FIG. 12 shows a block diagram of a converter 200c according to a sixth embodiment of the present disclosure. The converter 200c includes a primary side circuit 300c, a secondary side circuit 400c and a control unit 500c. The structure of the primary side circuit 300c and the control unit 500c is the same as the structure of the primary side circuit 300a and the control unit 500a of FIG. 4. The secondary side circuit 400c includes a secondary side rectifier 410, a secondary winding 420 and a secondary capacitor 430. The secondary side rectifier 410 is a diode. An anode of the secondary side rectifier 410 is coupled to the secondary capacitor 430. A cathode of the secondary side rectifier 410 is coupled to the secondary winding 420.

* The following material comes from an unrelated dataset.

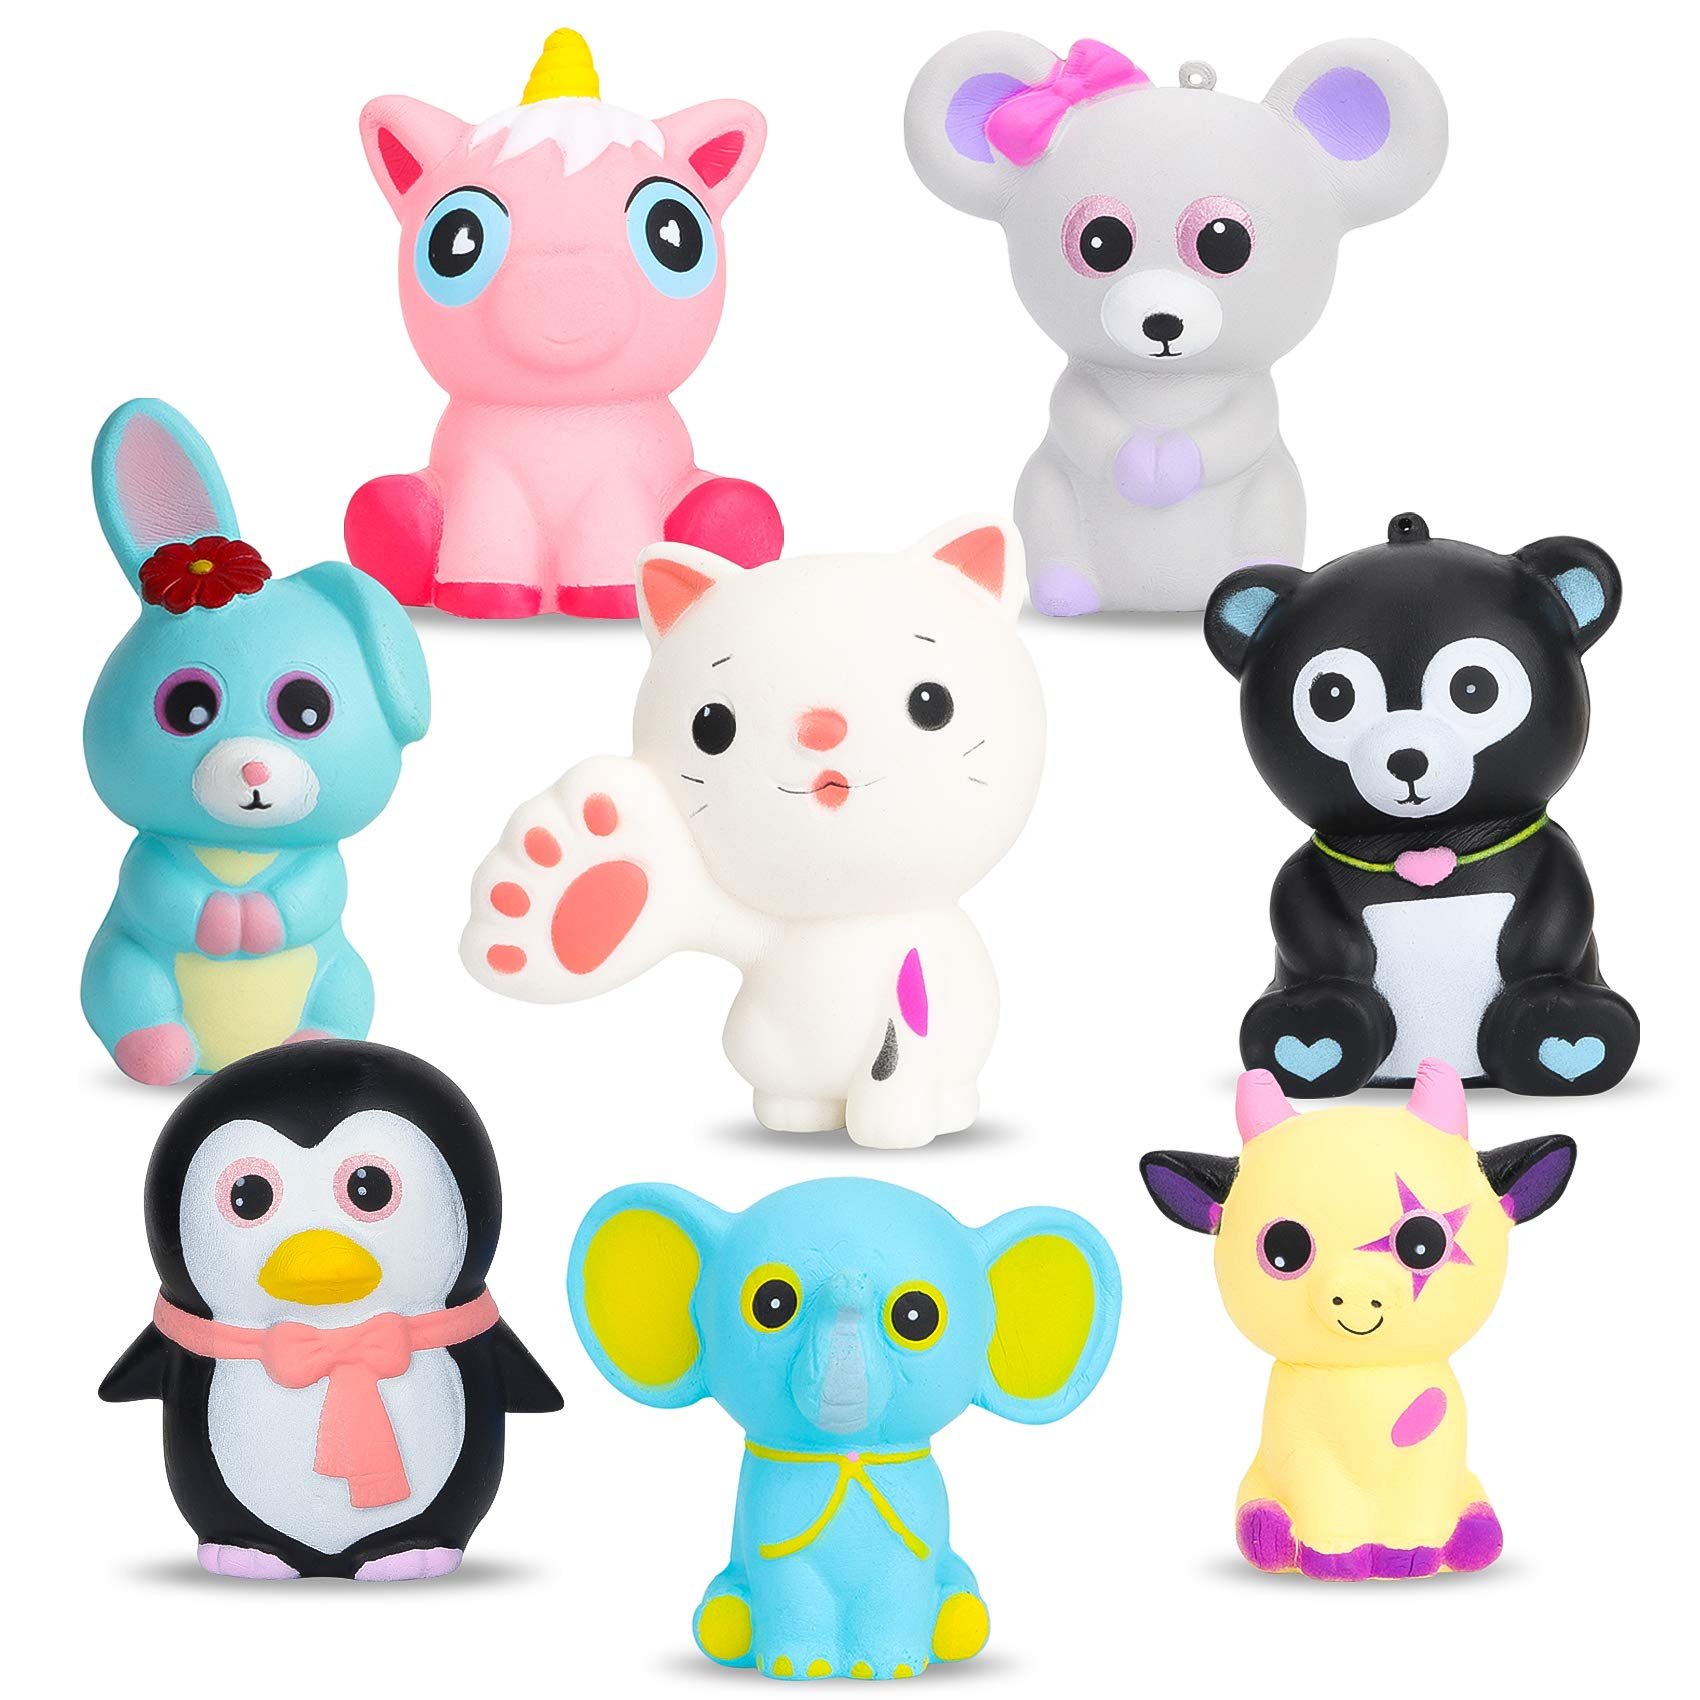 BeYumi Slow Rising Squishy, 8 PCS Colorful Animal Squishy Toys, Kawaii Mouse + Black Bear + Pink Unicorn + Elephant + Rabbit + Cow + Penguin + Cat Cream Scented Simulation Cute Animals Toys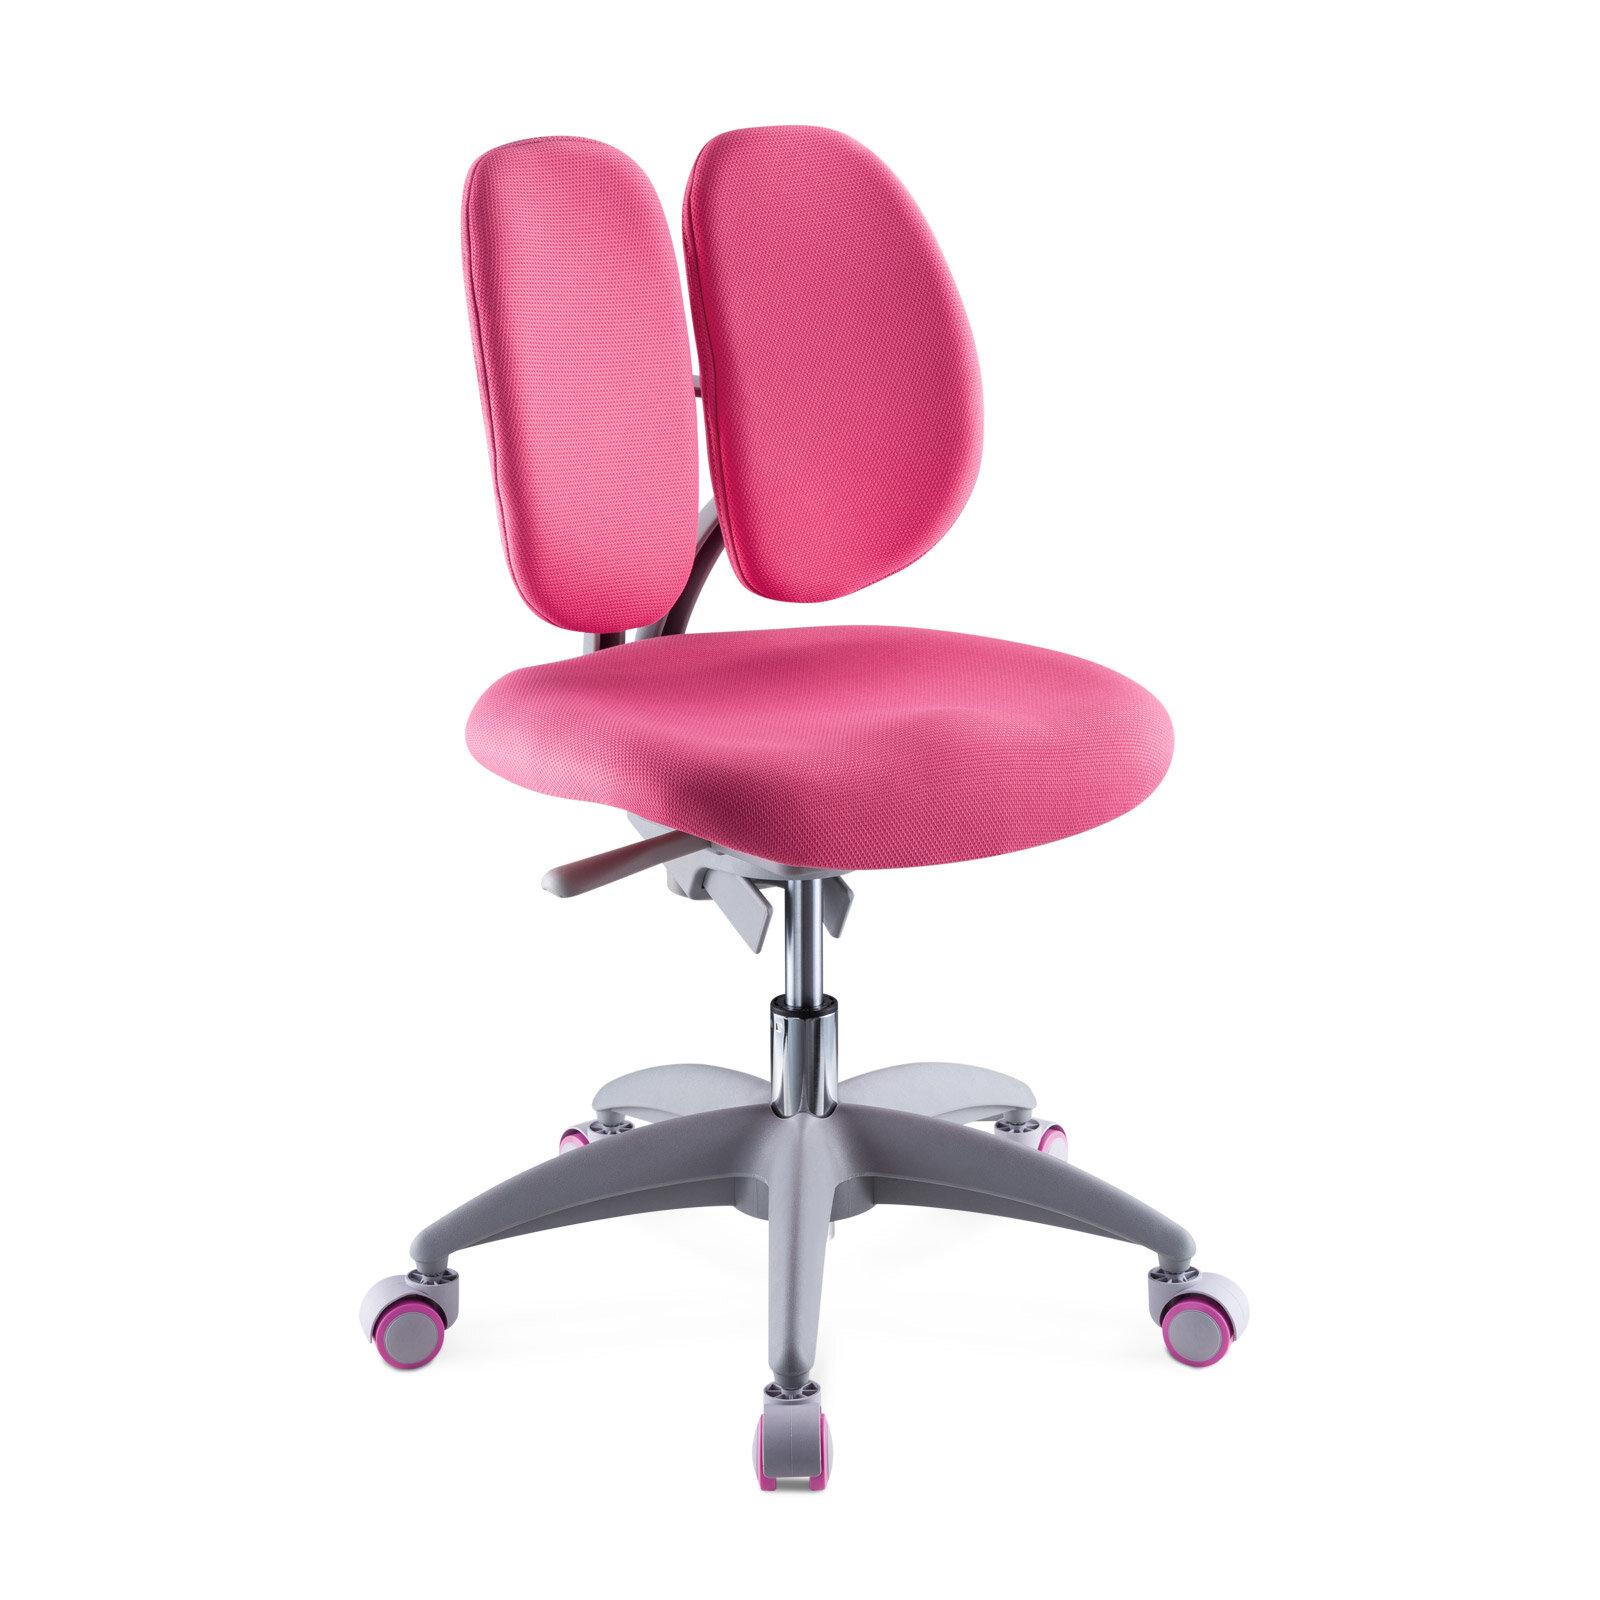 Tremendous Sweatt Ergonomic Kids Desk Chair Creativecarmelina Interior Chair Design Creativecarmelinacom

FIG. 13 shows a block diagram of a converter 200d according to a seventh embodiment of the present disclosure. The converter 200d includes a primary side circuit 300d, a secondary side circuit 400d and a control unit 500d. The structure of the primary side circuit 300d and the control unit 500d is the same as the structure of the primary side circuit 300b and the control unit 500b of FIG. 10. The secondary side circuit 400d includes a secondary side rectifier 410, a secondary winding 420 and a secondary capacitor 430. The secondary side rectifier 410 is a diode. An anode of the secondary side rectifier 410 is coupled to the secondary capacitor 430. A cathode of the secondary side rectifier 410 is coupled to the secondary winding 420.
According to the aforementioned embodiments and examples, the advantages of the present disclosure are described as follows.
1. The controlling method of the present disclosure utilizes the operation state of the secondary side rectifier to control the active clamp switch instead of shifting the turn-on time of the active clamp switch according to the timing of the primary switch, so that energy efficiency can be effectively improved.
2. The converter of the present disclosure utilizes the operation state of the secondary side rectifier to control the active clamp switch instead of shifting the turn-on time of the active clamp switch according to the timing of the primary switch, thereby effectively improving energy efficiency.